Nitric oxide regulates the heart by spatial confinement of nitric oxide synthase isoforms (original) (raw)

Nature volume 416, pages 337–339 (2002)Cite this article

Abstract

Subcellular localization of nitric oxide (NO) synthases with effector molecules is an important regulatory mechanism for NO signalling1. In the heart, NO inhibits L-type Ca2+ channels2 but stimulates sarcoplasmic reticulum (SR) Ca2+ release3,4,5, leading to variable effects on myocardial contractility. Here we show that spatial confinement of specific NO synthase isoforms regulates this process. Endothelial NO synthase (NOS3) localizes to caveolae6,7,8, where compartmentalization with β-adrenergic receptors and L-type Ca2+ channels9 allows NO to inhibit β-adrenergic-induced inotropy8,10. Neuronal NO synthase (NOS1), however, is targeted to cardiac SR11. NO stimulation of SR Ca2+ release via the ryanodine receptor (RyR) in vitro3, 4 suggests that NOS1 has an opposite, facilitative effect on contractility. We demonstrate that NOS1-deficient mice have suppressed inotropic response, whereas NOS3-deficient mice have enhanced contractility, owing to corresponding changes in SR Ca2+ release.
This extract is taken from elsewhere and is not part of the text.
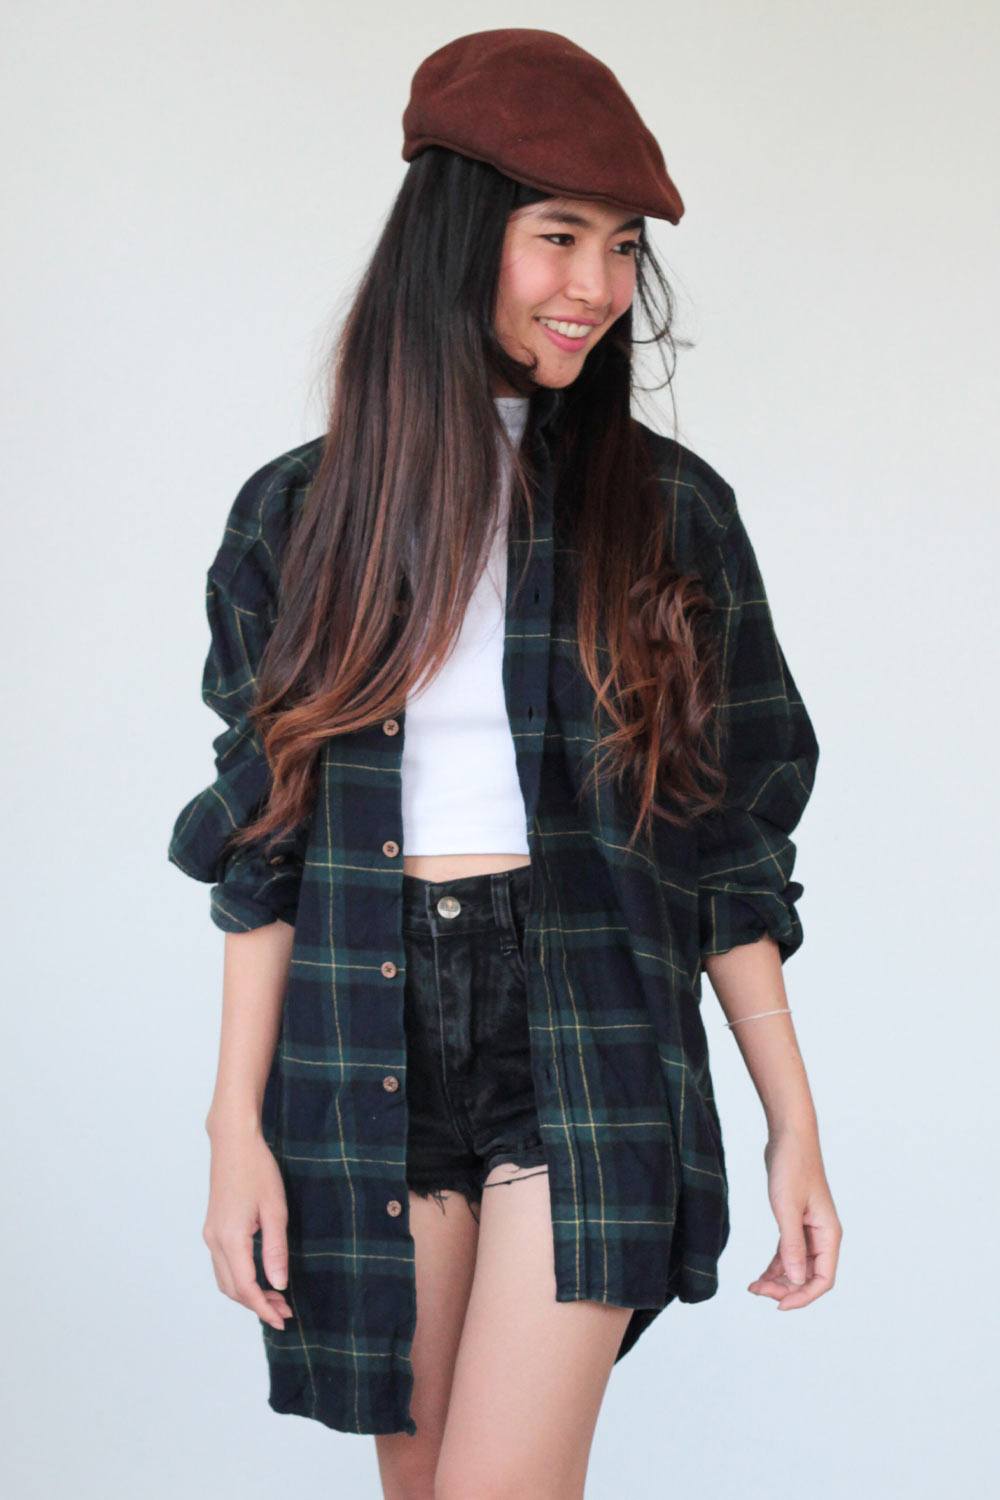 Flannel Shirt and Shorts Outfit Idea
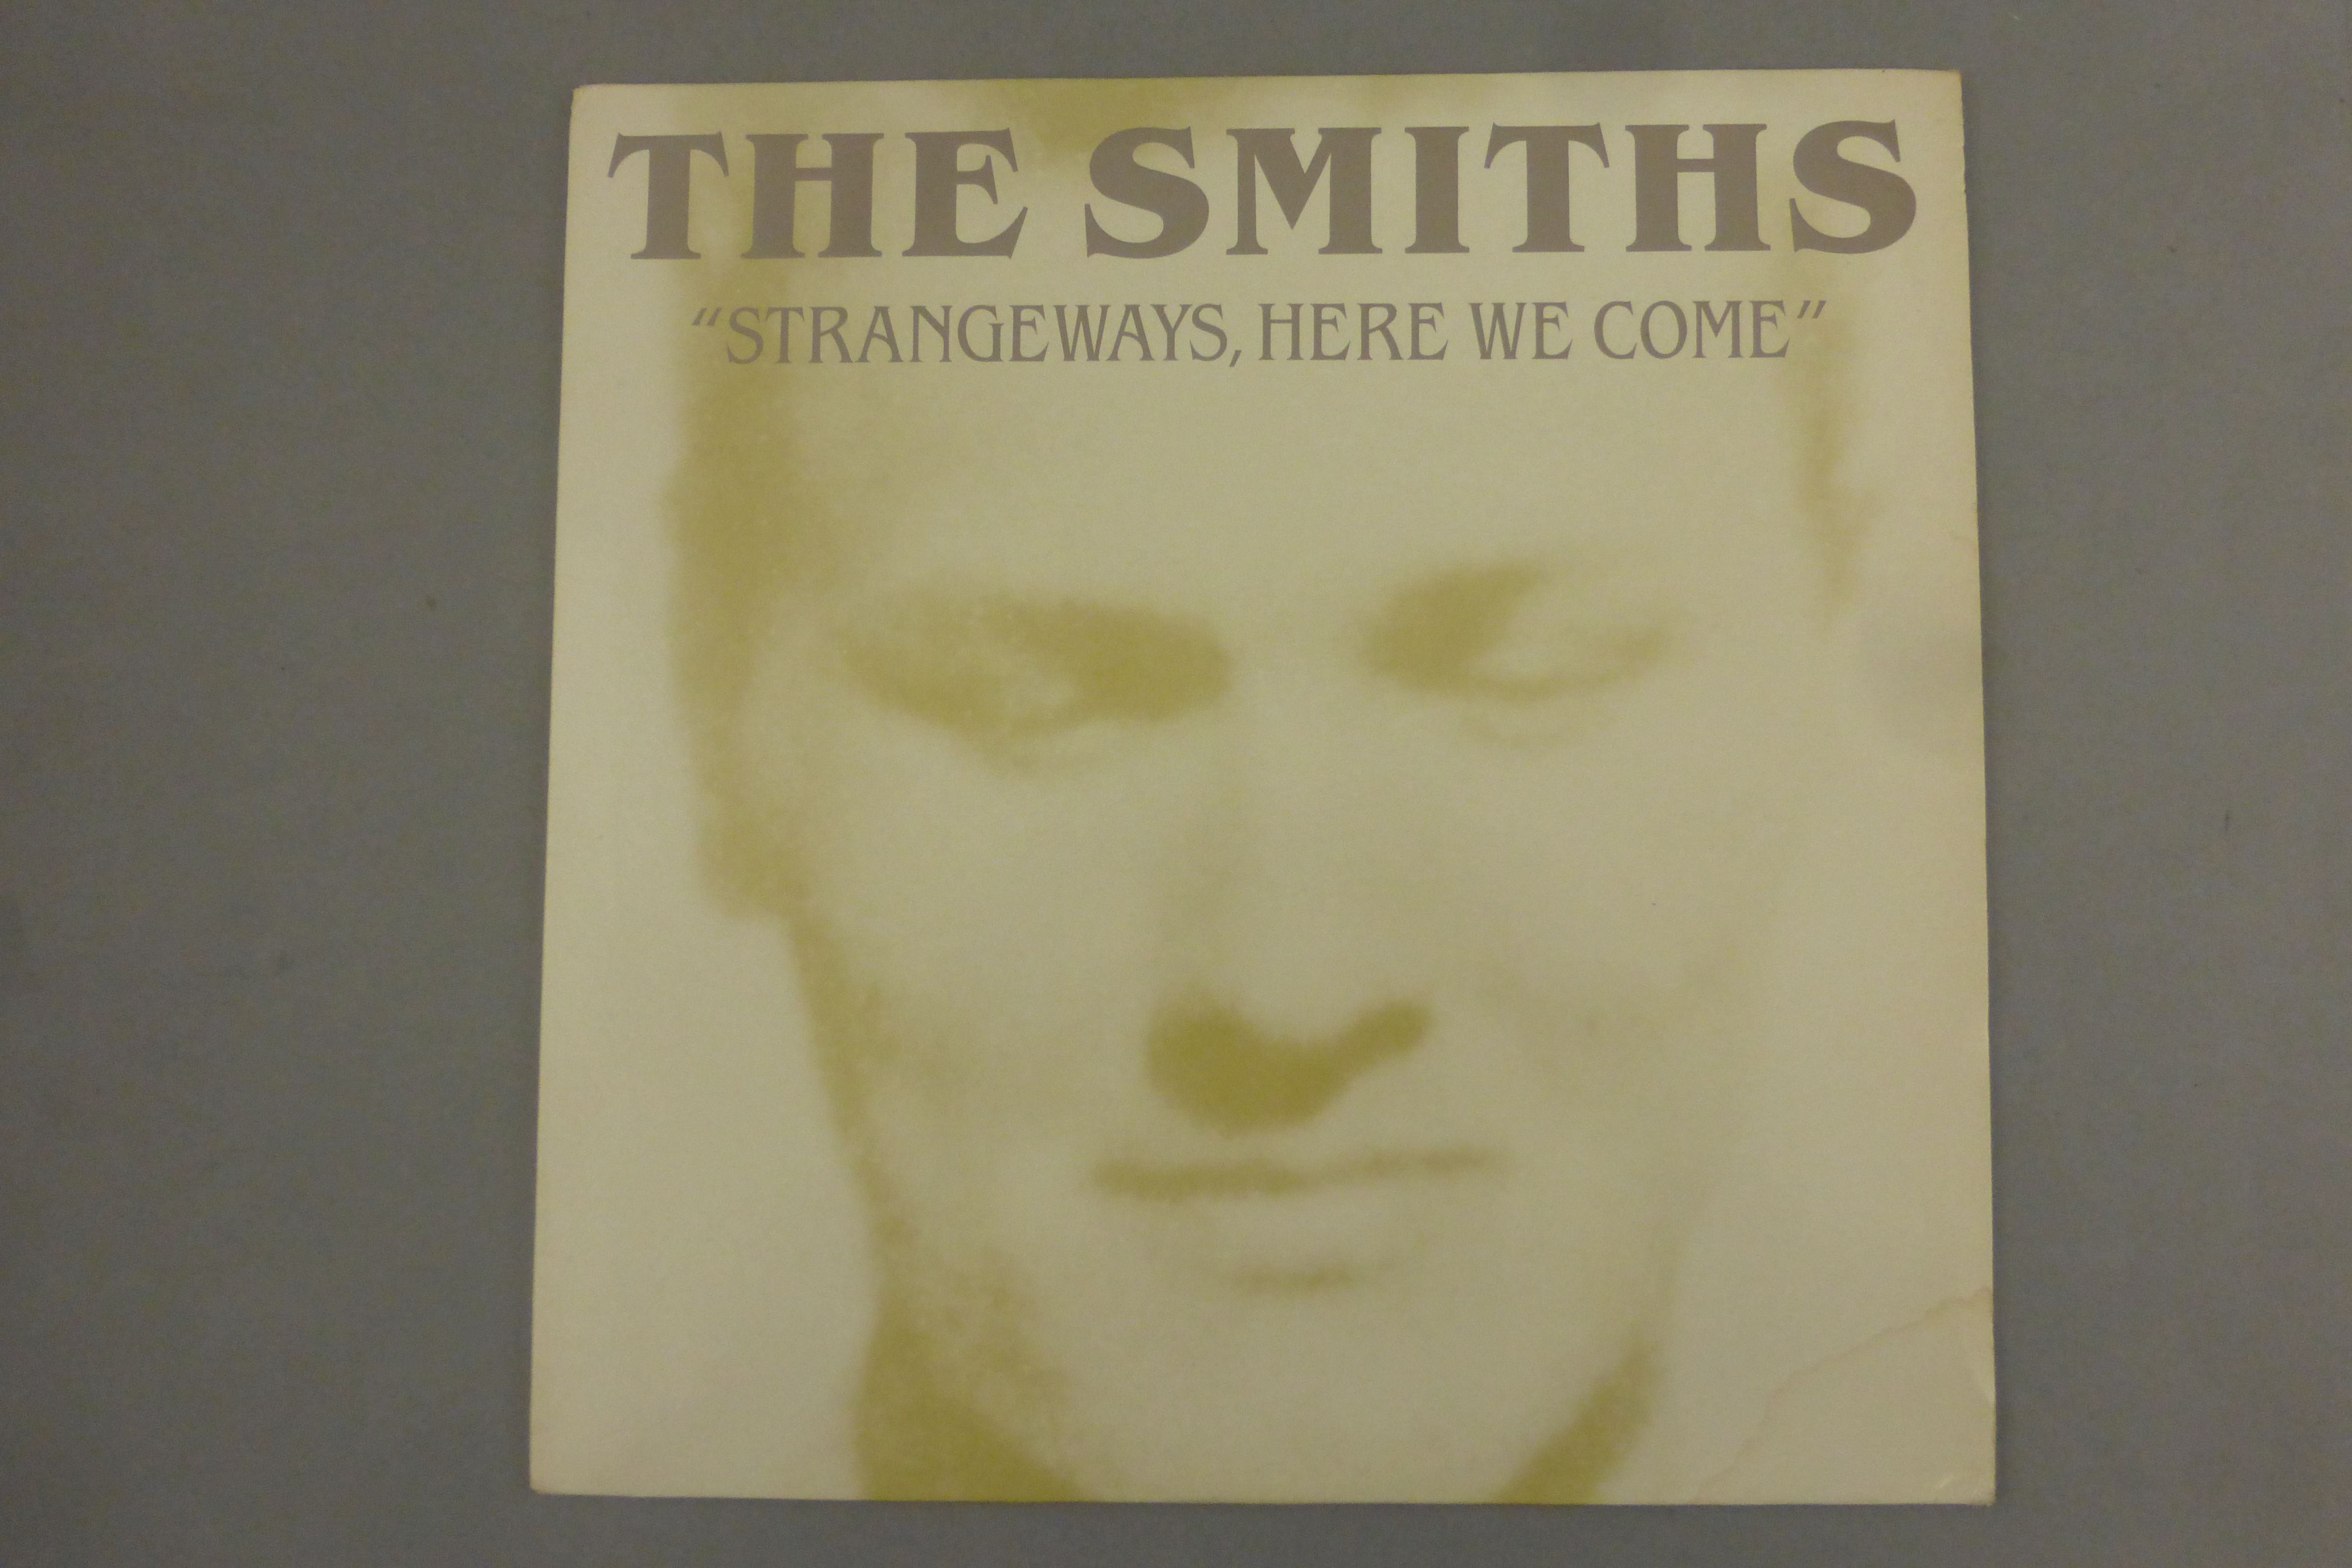 Vinyl - The Smiths - Three LP's to include Hatful Of Hollow (Rough 76), The Smiths (Rough 61), and - Image 3 of 4

Both _NOS1_−/− and _NOS3_−/− mice develop age-related hypertrophy, although only _NOS3_−/− mice are hypertensive. _NOS1/3_−/− double knockout mice have suppressed β-adrenergic responses and an additive phenotype of marked ventricular remodelling. Thus, NOS1 and NOS3 mediate independent, and in some cases opposite, effects on cardiac structure and function.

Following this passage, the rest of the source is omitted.